Legally, the steeple may be copyrighted against duplication but NOT against photography because of the way the law is written.  The photographer would be stupid to comply.

skieur


----------



## spamtrap (May 10, 2009)

Here's a quick summary helpful to USA based photographers:

COPYRIGHT ACT, CHAPT. 1, Sects. 106-120

USC Title 17 Section 120 is the law which specifies photographs do not violate architectural copyright.

*Sect. 120. Scope of exclusive rights in architectural works*

_  (a) Pictorial representations permitted._ 
_ The copyright in an architectural work that has been constructed does not include the right to prevent the making, distributing, or public display of pictures, paintings, photographs, or other pictorial representations of the work, if the building in which the work is embodied is located in or ordinarily visible from a public place. _


Rock & Roll Hall of Fame v. Gentile Productions is case law which supports photographers even further, by asserting that photographs don't violate trademark.

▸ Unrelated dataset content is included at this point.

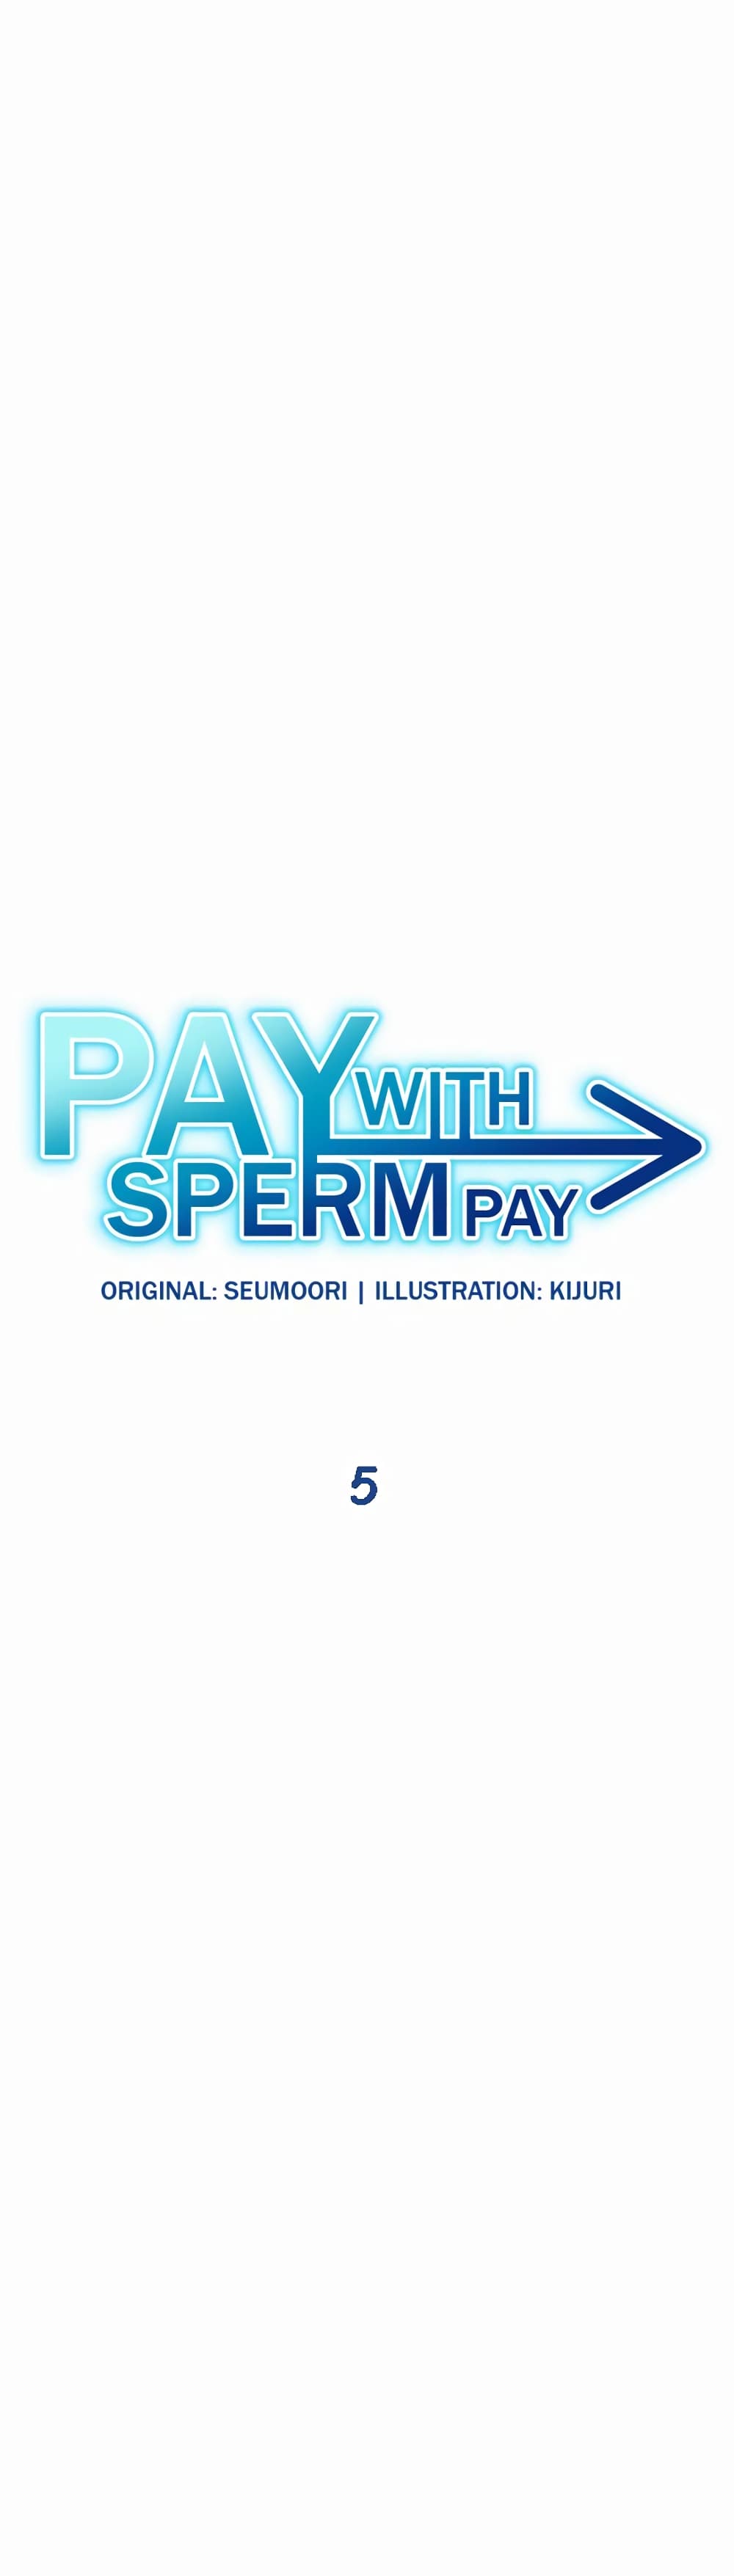 Pay with Sperm Pay 5-5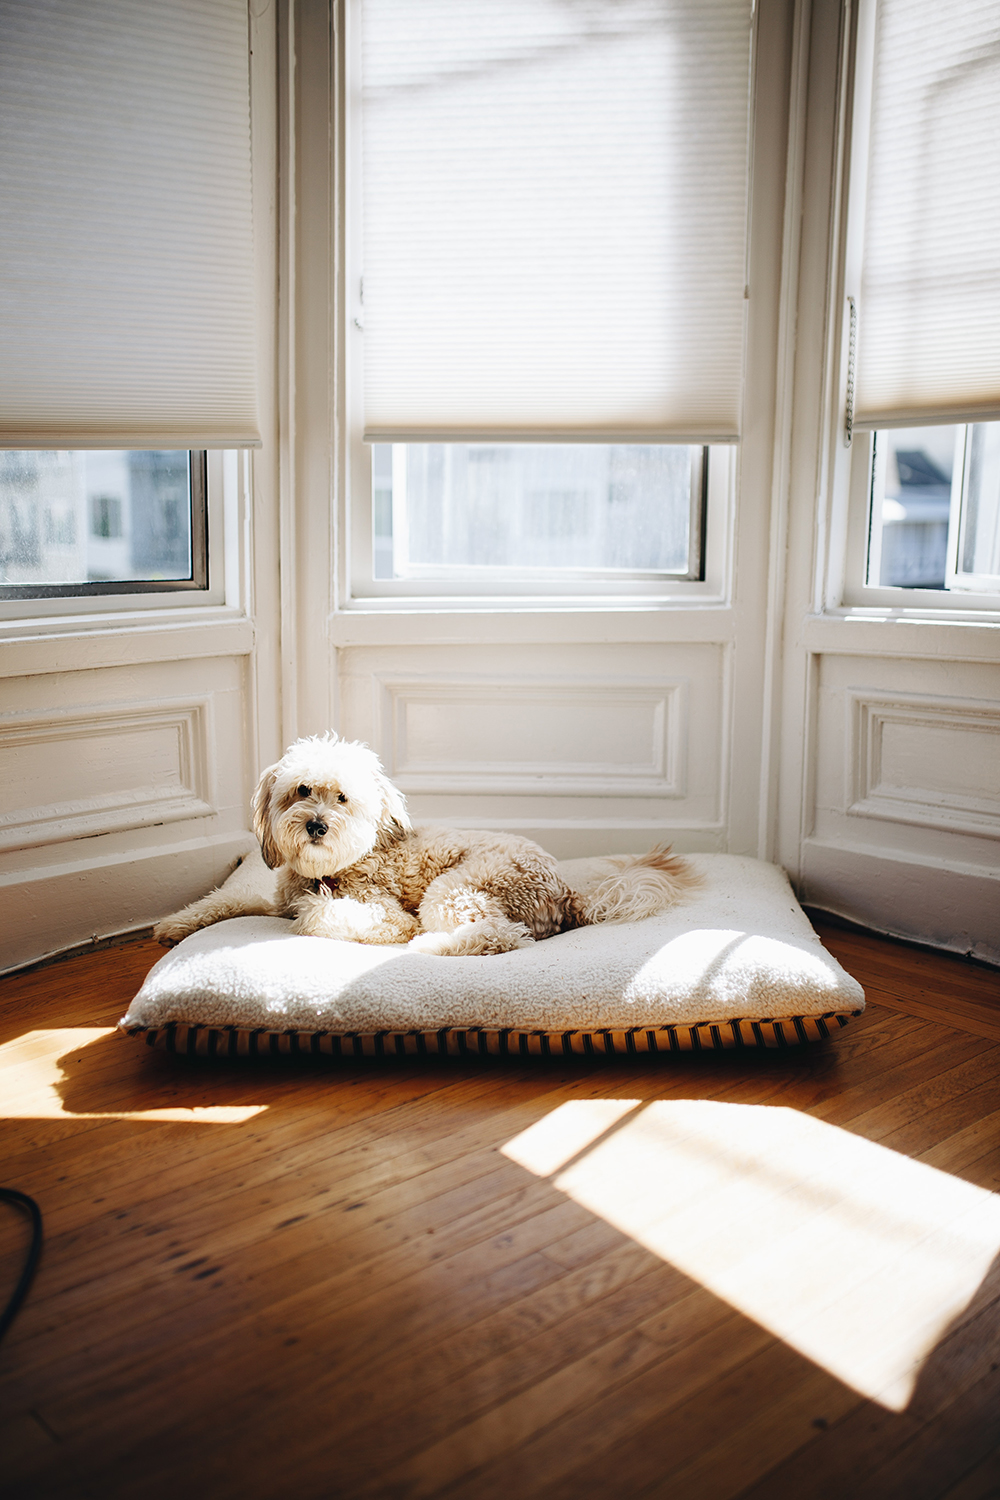 A dog lying in a bed in front of windows covered with cordless blinds.

Pictures of buildings do not violate trademark - Rock & Roll Hall of Fame & Museum v. Gentile Prods., 134 F.3d 749 (6th Cir. Ohio 1998)


 This is a) the language of the law and b) case law. Don't let comments in online forums and on personal web sites spook you. There is a lot of misinformation on the Internet.

Slightly less reliable than the law is this professional photographer's summary of copyright and trademark law:

Photos of Trademarked and Copyrighted Works

It seems to be accurate except he neglects to discuss USC 17 Section 120; perhaps he wrote this material before 1990 or has a global rather than USA audience in mind. It's interesting to see how contract law (in addition to copyright and trademark) can be an issue with commercial photography.

In any event, the Churchill Downs steeples are 110 years old and therefore not eligible for any kind of copyright protection, as architecture or art. The issue would either be trademark (if the steeple design is a registered trademark of Churchill Downs) and/or contract law (if photography is prohibited as a condition of entry to the property.)


----------